Just sayin there's nothing to (legally) fish for with that big of a setup round here. Our kings, cobia, and tarpon are caught on pin rigs, not casted gear. Red drum can be caught on much smaller gear. But go ahead and fish with whatcha want.


----------



## bluefish1928 (Jun 9, 2007)

If u have the money, sure go ahead. 12 ft ugly stick is kind of overkill unless you are tossing a big bucktail jig for cobia. now for surf fishing, 12 ft can be useful simply to cast out a lot farther. However, for general purposes, a 10 ft rod is about as long of a rod I would use for the SC surf.


----------



## Reddrum_sc_mb (May 30, 2011)

I already have the rod it's not new I've had it for a year and it's a charm.
So I should use the 12000d or 8000d.
Any other nice spinning bait runners.
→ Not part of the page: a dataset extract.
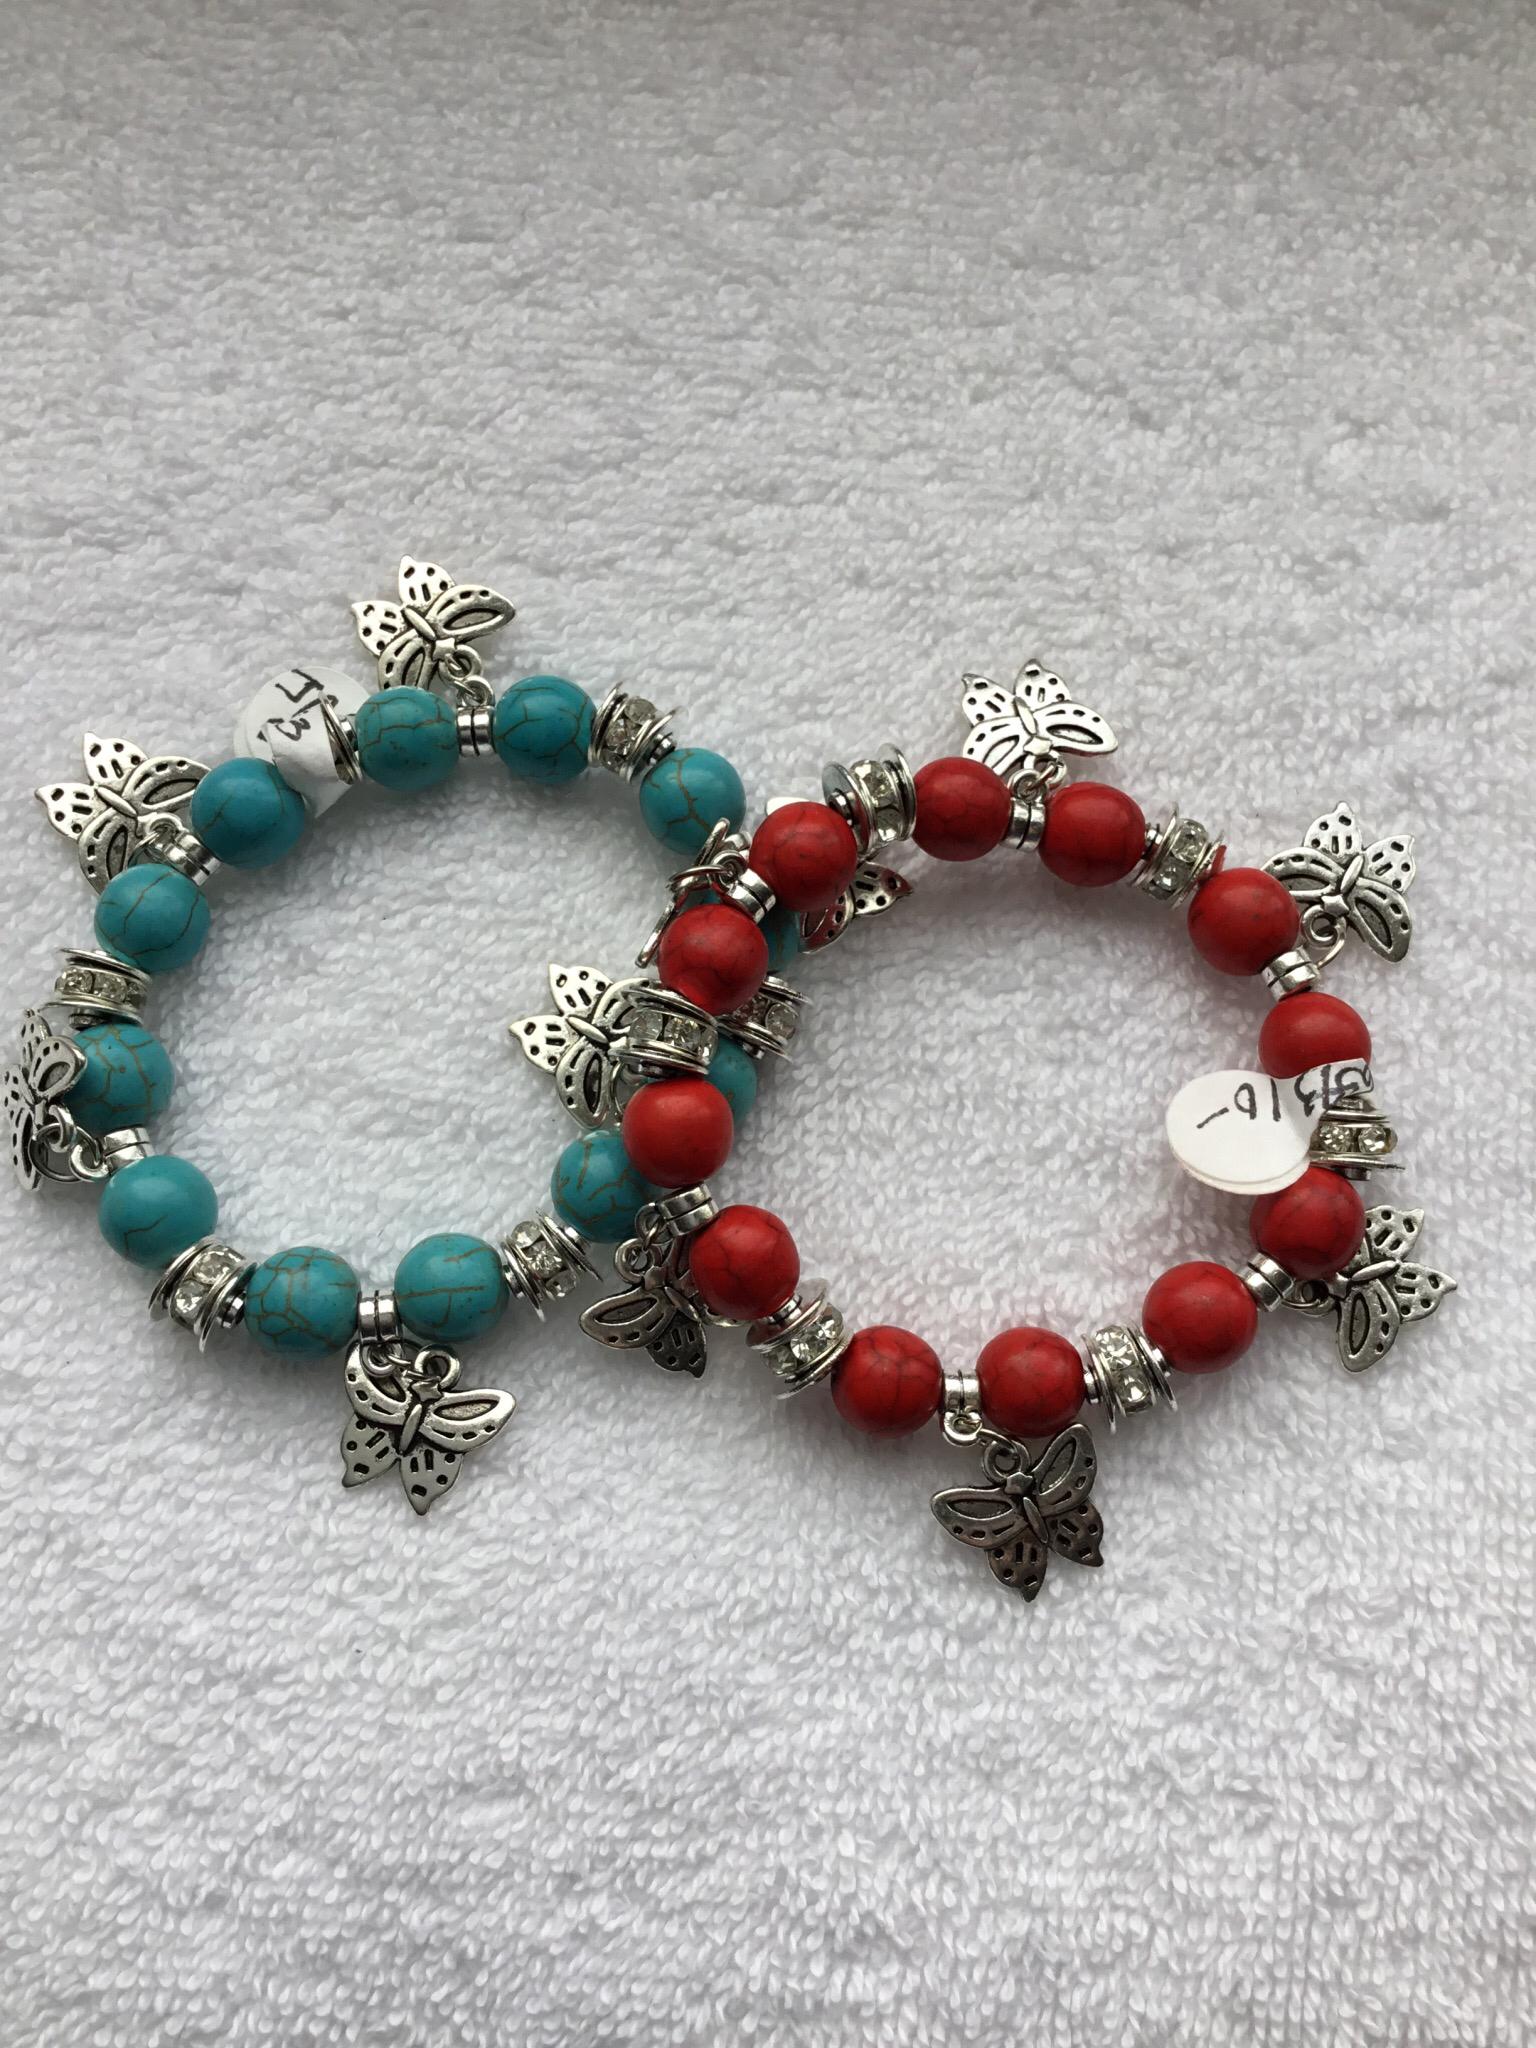 Butterfly Charm Bead Bracelet  JBR-015-6593

We caught sharks and released them on pier 14 and the guy who worked their could care less. What do u recommend then. I already have a rod ( 12' ugly). And yes this is for surf fishing.


----------



## Flytyingguy1 (Sep 8, 2009)

IMO a 12' rod will wear you out real fast. And if you think you will be able to cast it further than a 10' rod you are saidly mistaking. A 10' is more than you'll ever need unless you tournament casting.
I fished the surf for the last 9 month using a 8' St Croix Mojo with a Shimano Stella using 20lb braid & out cast everyone on the beach.


----------



## Reddrum_sc_mb (May 30, 2011)

It does tire if your not used to carrying a ten lb gun all day playing airsoft. So what size baitrunner should I use for it. 12000 or 8000. Using 300 yds of 40-80# PP
Ppppppppllllllllllllleeeeeeeeeaaaaaaaaaasssssssssseeeeeeee HELP! I need to no by 2012!


----------



## c0ch3s3 (Jul 10, 2009)

for 300 yds of a minimum 40# PP you are going to need the 1200d, espically if you want to go any higher on the line strength. the line cap. on the 8000d for 40# PP is 295 yds.


----------



## Reddrum_sc_mb (May 30, 2011)

Coch you sir are the man. You answered my question.
Do u have a shimano baitrunner. How does it do 4 u.


----------



## c0ch3s3 (Jul 10, 2009)

i use abu baitcasters on my surf rods.


----------



## Reddrum_sc_mb (May 30, 2011)

Yea I have one Abu 6600 baitrunner. Really nice rods and reels! But thanks anyways.


----------



## Reddrum_sc_mb (May 30, 2011)

So on the 1200d I want to put just about 250,000,000 yds of PP


----------